» **Dataset section**:
•••••
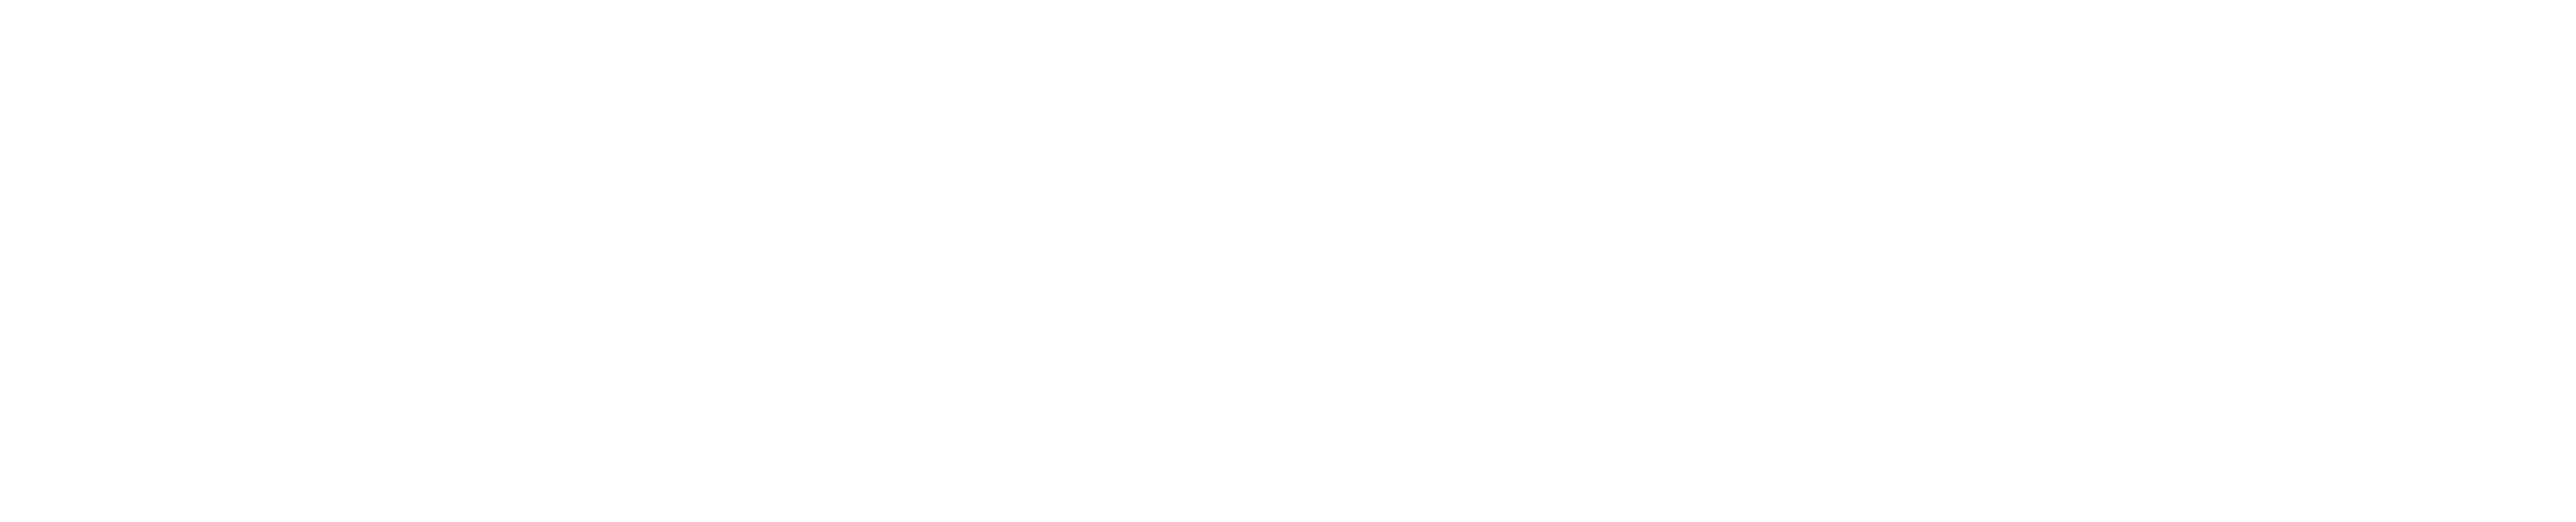 RPX Technologies Letterhead Logo White
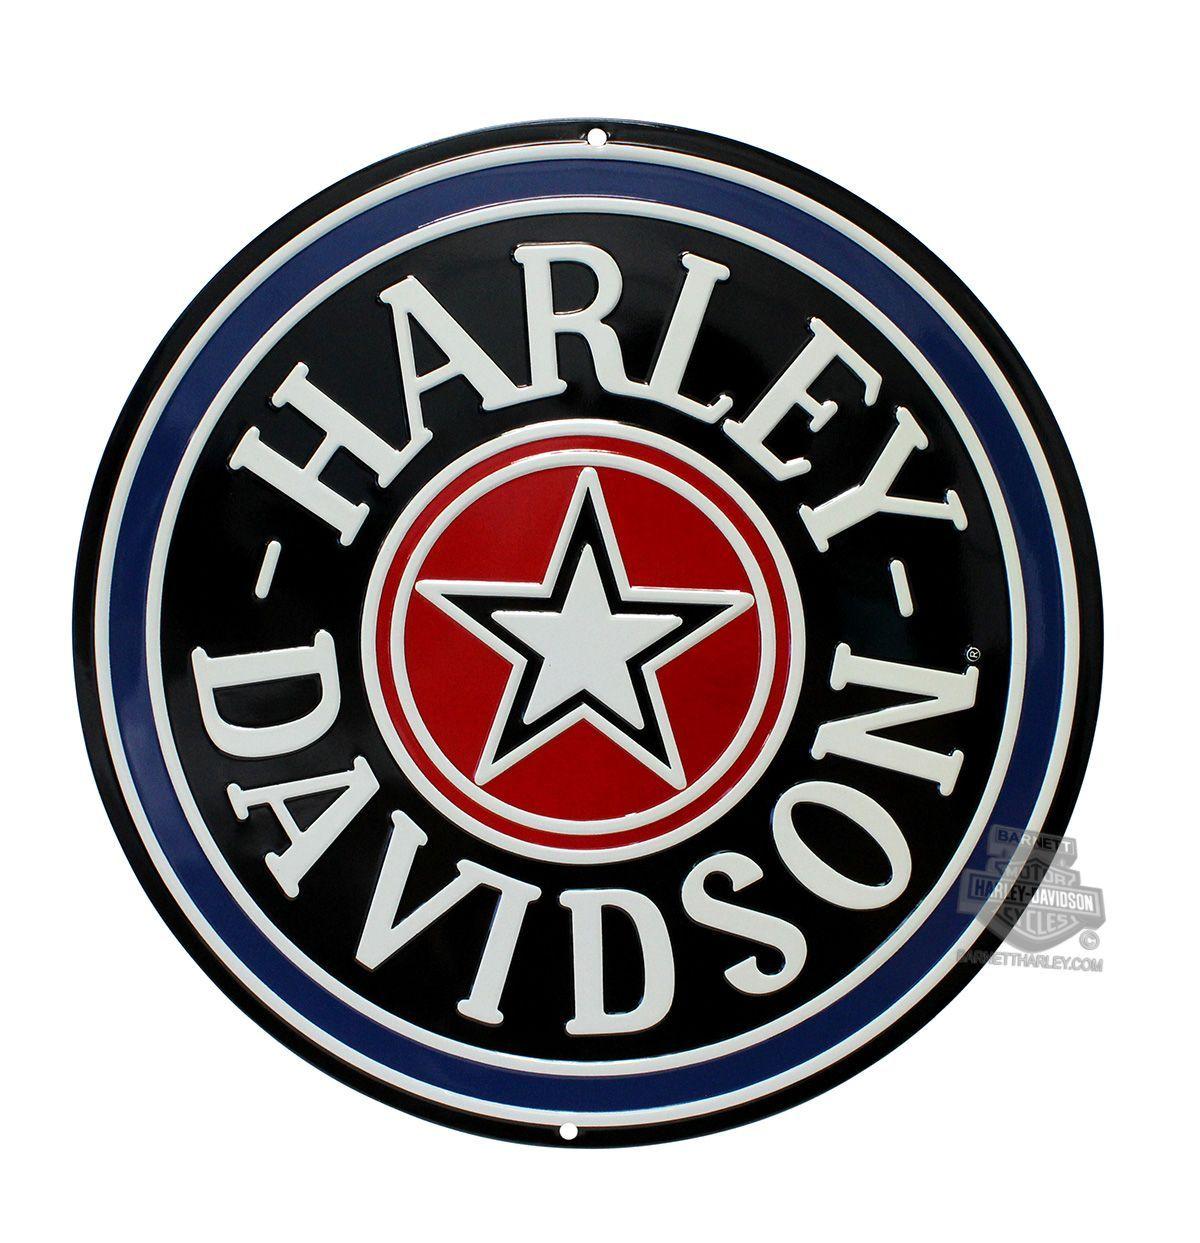 Harley-Davidson Logo - harley davidson logo - Поиск в Google. Harley Davidson
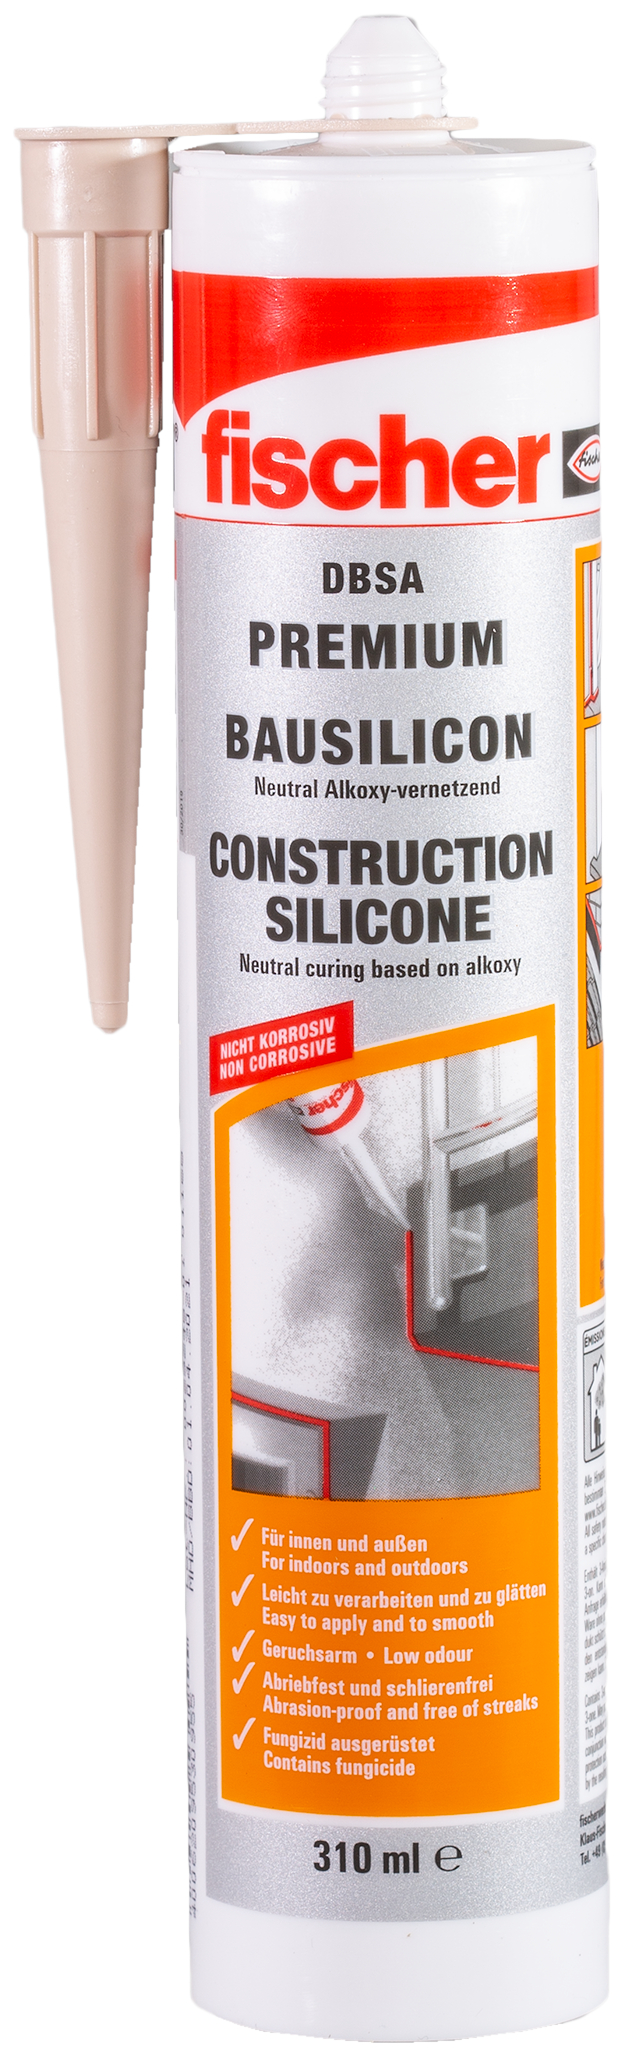 Premium construction silicone DBSA
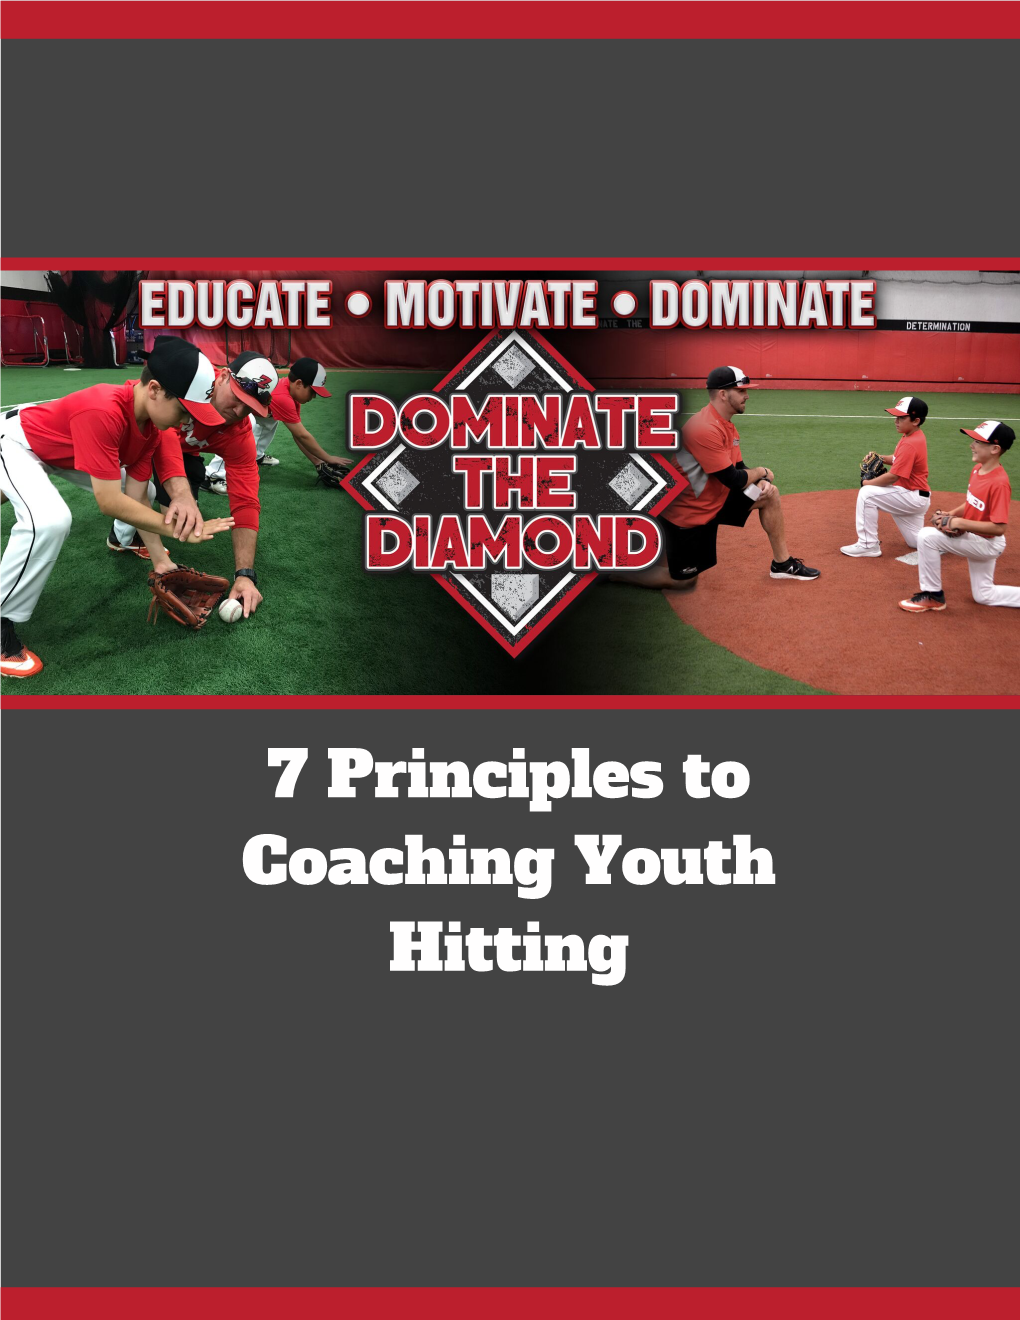 7 Principles to Coaching Youth Hitting ® Hitting Philosophy
•••••
» **Task to carry out**: Transcribe all of the lines above exactly as given. The pictures stay out.

» **Your response**:
 RPX Technologies Letterhead Logo White
 Harley-Davidson Logo - harley davidson logo - Поиск в Google. Harley Davidson
 Premium construction silicone DBSA
 7 Principles to Coaching Youth Hitting ® Hitting Philosophy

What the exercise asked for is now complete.